If we include written but not recorded:
Bagpipes concerto
Steel band concerto


----------



## Manxfeeder (Oct 19, 2010)

Art Rock said:


> Banjo concerto.


You haven't been to Nashville recently . . .

http://blogs.tennessean.com/tunein/2011/09/19/peter-cooper-on-music-bela-fleck-buttons-up-for-premiere-of-banjo-concerto/


----------



## Aramis (Mar 1, 2009)

> Is there anything that hasn't been done in classical music?


A lot of idiotic and worthless ideas are yet to be invented and I'm sure that composers will never fail to find new ones, especially as long as the word "controversial" arouses more interest than "beautiful".

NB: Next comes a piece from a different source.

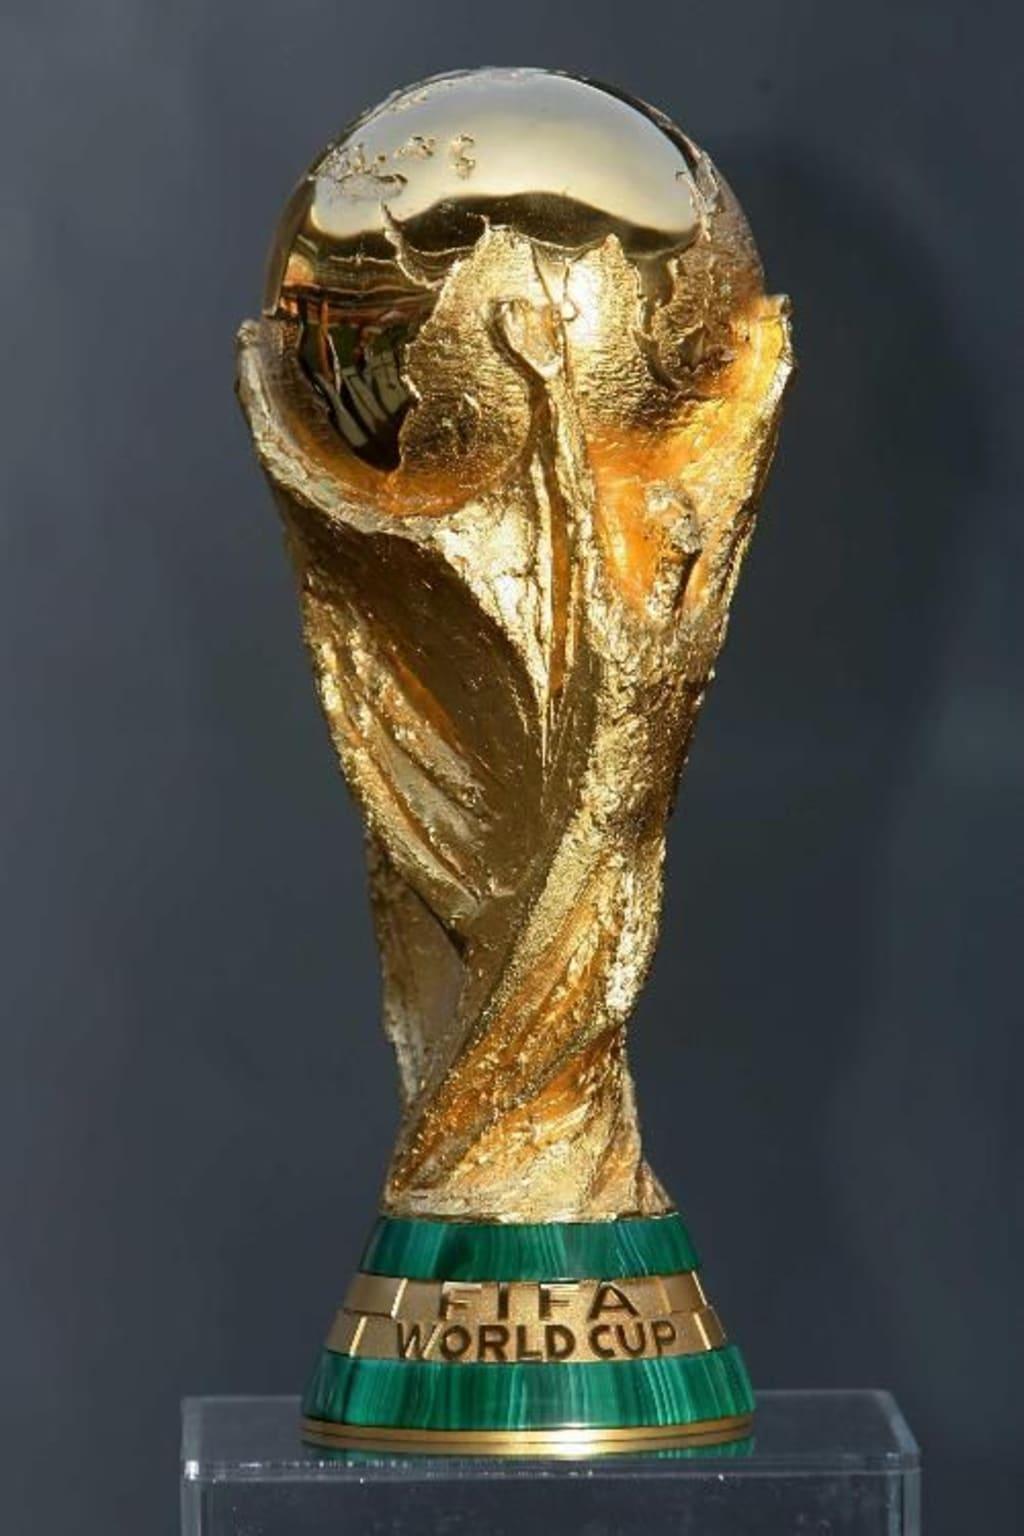 European Dominance at FIFA World Cup 2018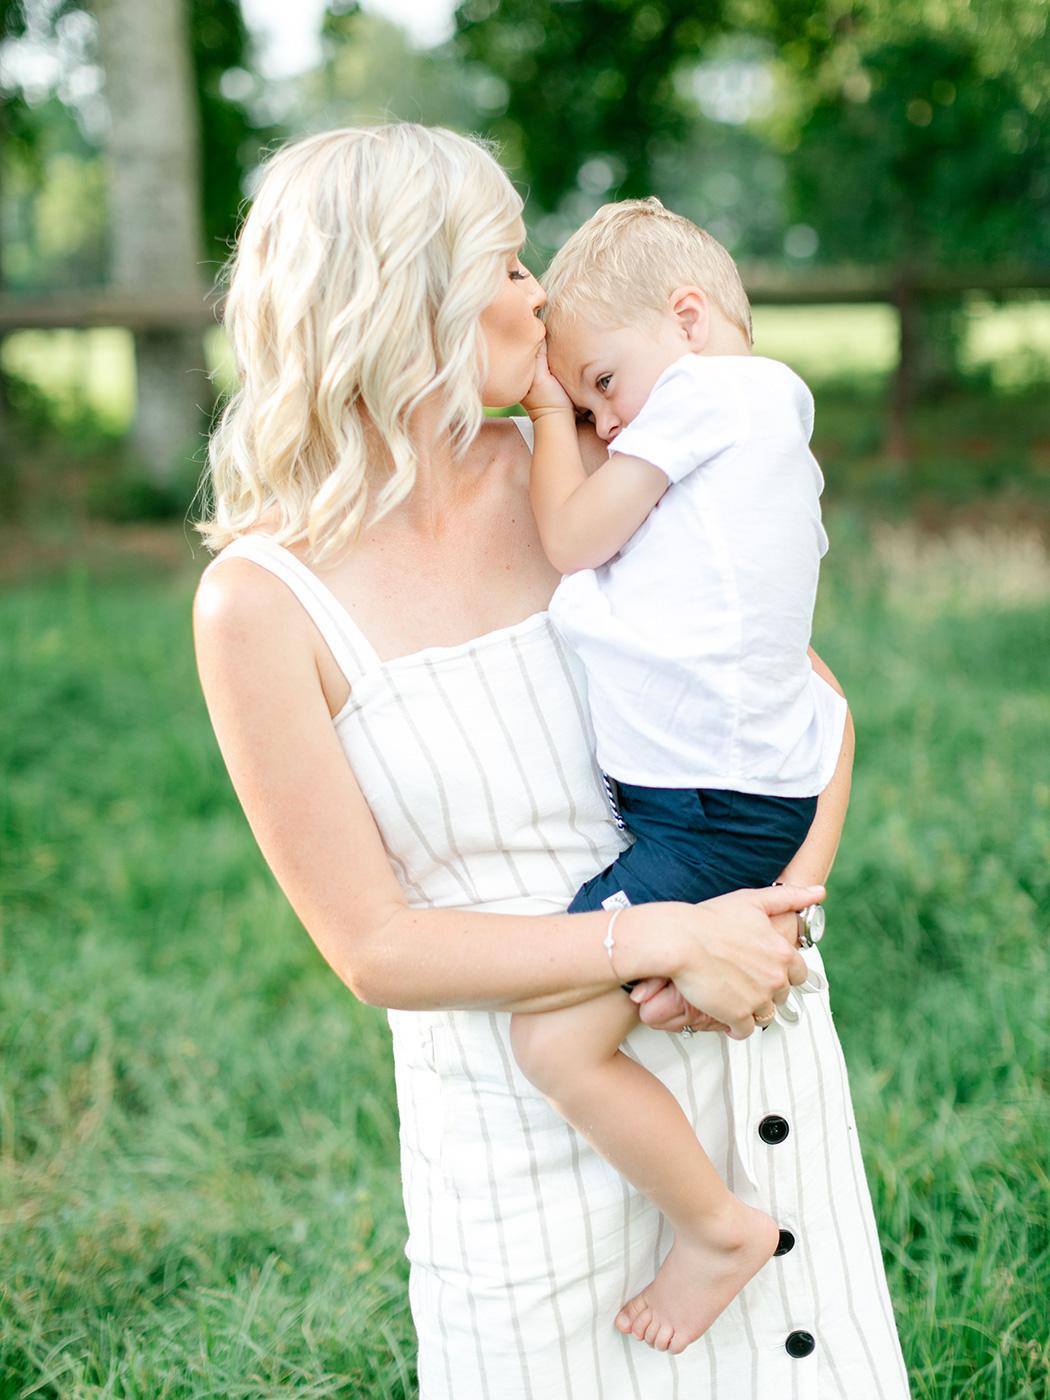 Mom & Son | Rensche Mari Photography

I guess that my idea of writing an opera where every character sings in it's own key in order to give all personas their specific characters reflected by particular qualities of their own keys was never realized so far.


----------



## starthrower (Dec 11, 2010)

Electric guitar symphonies have already been done by musicians like Glenn Branca.


----------



## Vesteralen (Jul 14, 2011)

An opera based on my life. It would last about a half an hour and most of the audience would walk out after the first act.


----------



## Klavierspieler (Jul 16, 2011)

I've always thought it would be really interesting if a composer wrote a symphony on folk tunes using only folk instruments.


----------



## Couchie (Dec 9, 2010)

This morning I wrote an innovative quartet for stove, frying pan, bacon, and eggs. I just need to record it next time.


----------



## Polednice (Sep 13, 2009)

_BEOWULF_ the opera!!!


----------



## Chris (Jun 1, 2010)

Perhaps someone could play an accordian without grinning


----------



## DavidMahler (Dec 28, 2009)

Goldberg Variations as performed by T-Pain with Autotune


----------



## clavichorder (May 2, 2011)

I know someone who jokes about writing an opera based on the novels of Marquis de Sade. At least, I think they are joking.


----------



## Dodecaplex (Oct 14, 2011)

> Is there anything that hasn't been done in classical music?


A good Erhu concerto.

A good Erhu Quartet.

A good microtonal Sextuple fugue in 12 voices or something.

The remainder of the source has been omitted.